Russell Brand of all people has some excellent commentary on this based on a piece in the Telegraph (which I think is usually behind a pay wall). It is interesting to see where news about this can be found. Major new sources are certainly ignoring it.

    healthguyfsu in reply to JRaeL. | May 22, 2022 at 2:08 pm

    Russell Brand has been killing it on exposing these globalist plans and schemes. He’s as liberal as they come but he is definitely not part of the progressive sheeple cult.

It’s always either too early to panic or too late to save ourselves.

Shouldn’t the Maldives be drowned by now?,The%20islands%20were%20formed%20from%20underwater%20volcanic%20eruptions.

I’ve been hearing about the impending apocalypse since the first Earth Day in 1970.

Never, ever, panic. If you panic you’re a danger to yourself and everyone around you. I don’t want anyone to think I believe I’m brave. Not particularly. And, God, I know my limits. I never realized until I approached social security coIlection age how vulnerable I was. I understand that, every day I know that more and more.
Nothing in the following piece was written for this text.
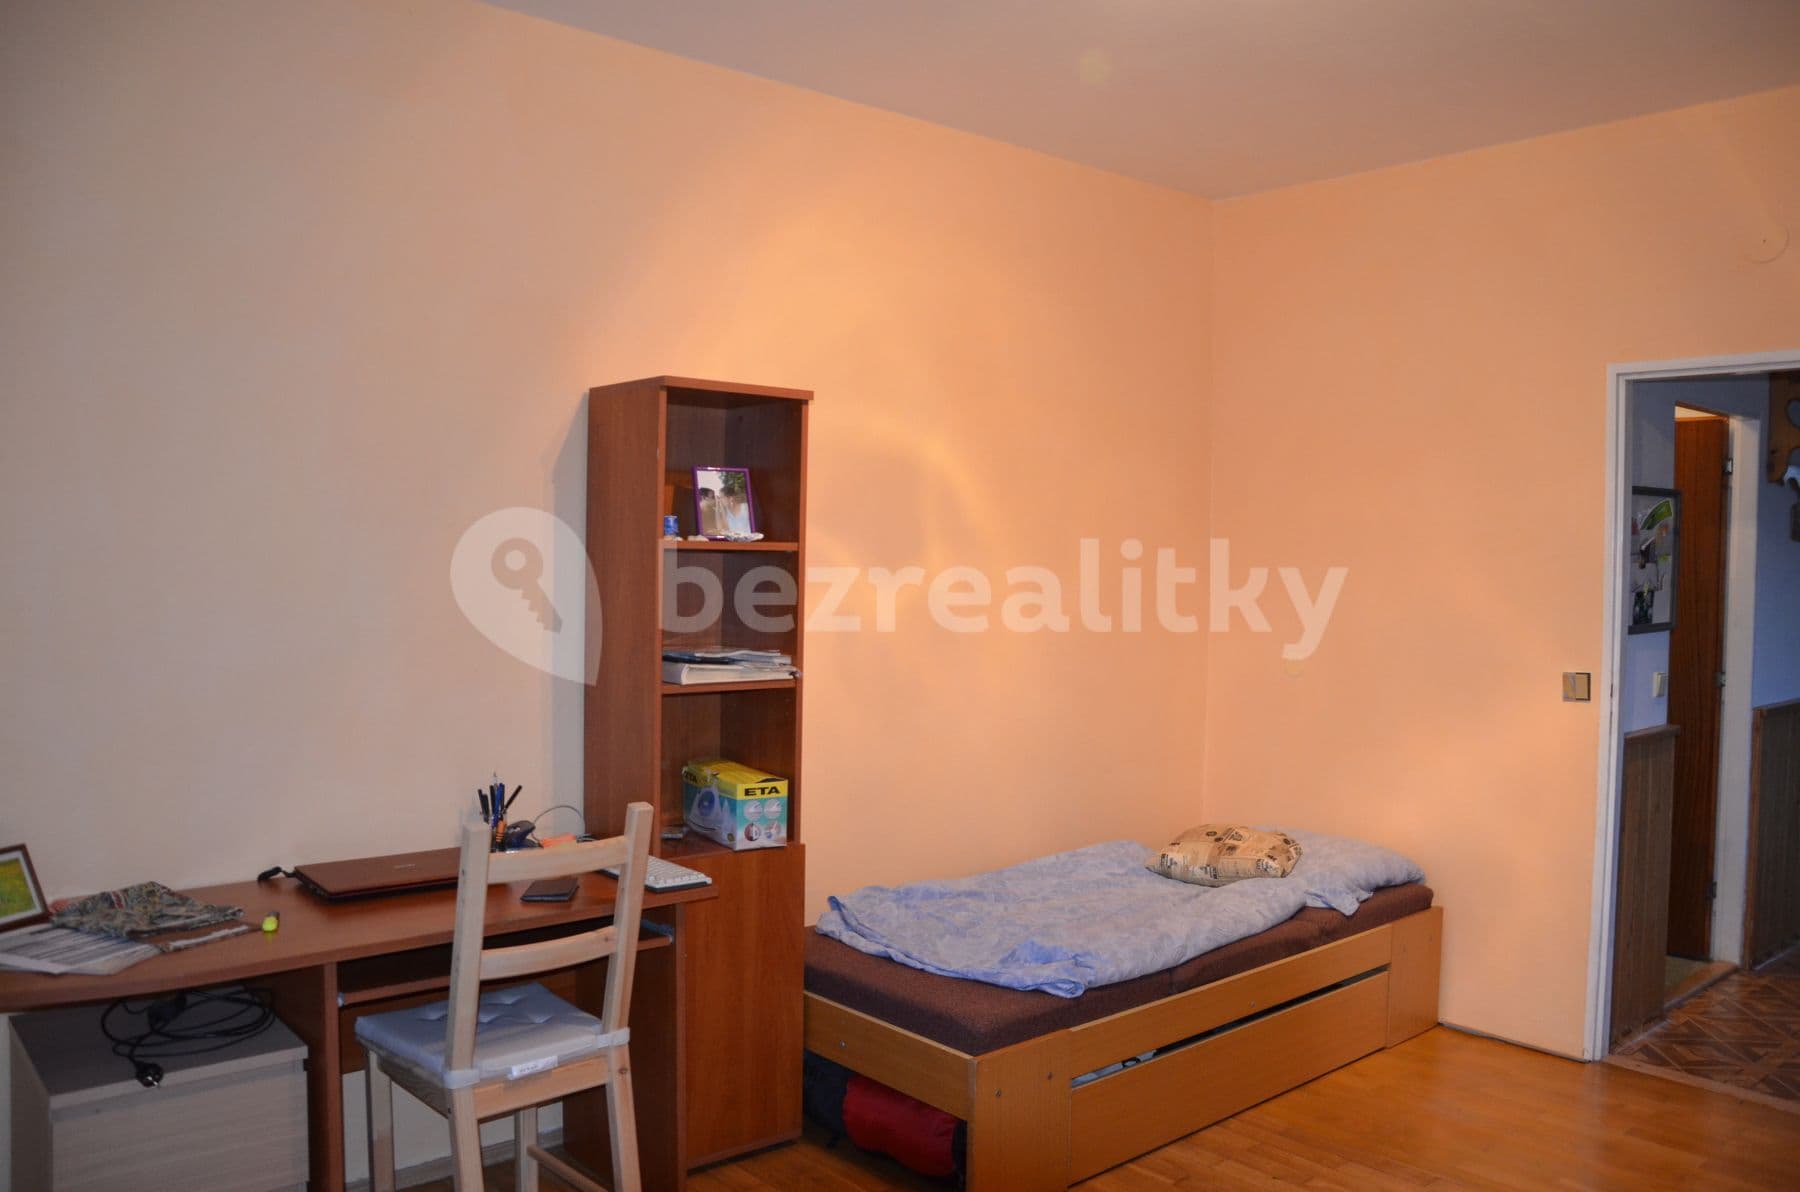 2 bedroom flat to rent, 75 m², K Lesu, Brno, Jihomoravský Region

Is there a point? I think so. Don’t panic and plan ahead. Between my car and my house I have a toolkit that will outfit an army and a hospital. I’m closing in on 60. If at this point you haven’t equipped yourself with the equipment and skills to save your own life WTF is wrong with you.

Train. Train every day. And pray.

Getting kicked in the head by someone wearing steel toed flight boots is never fun.

I told my friend I forgave him. But deep down I haven’t.

Gee, what a coincidence.

Another gain of function triumph for the Fauci/WHO/Wuhan eugenicist Justice League? And now WHO steps in just in time to take over the US health system? I think I’ve seen this movie.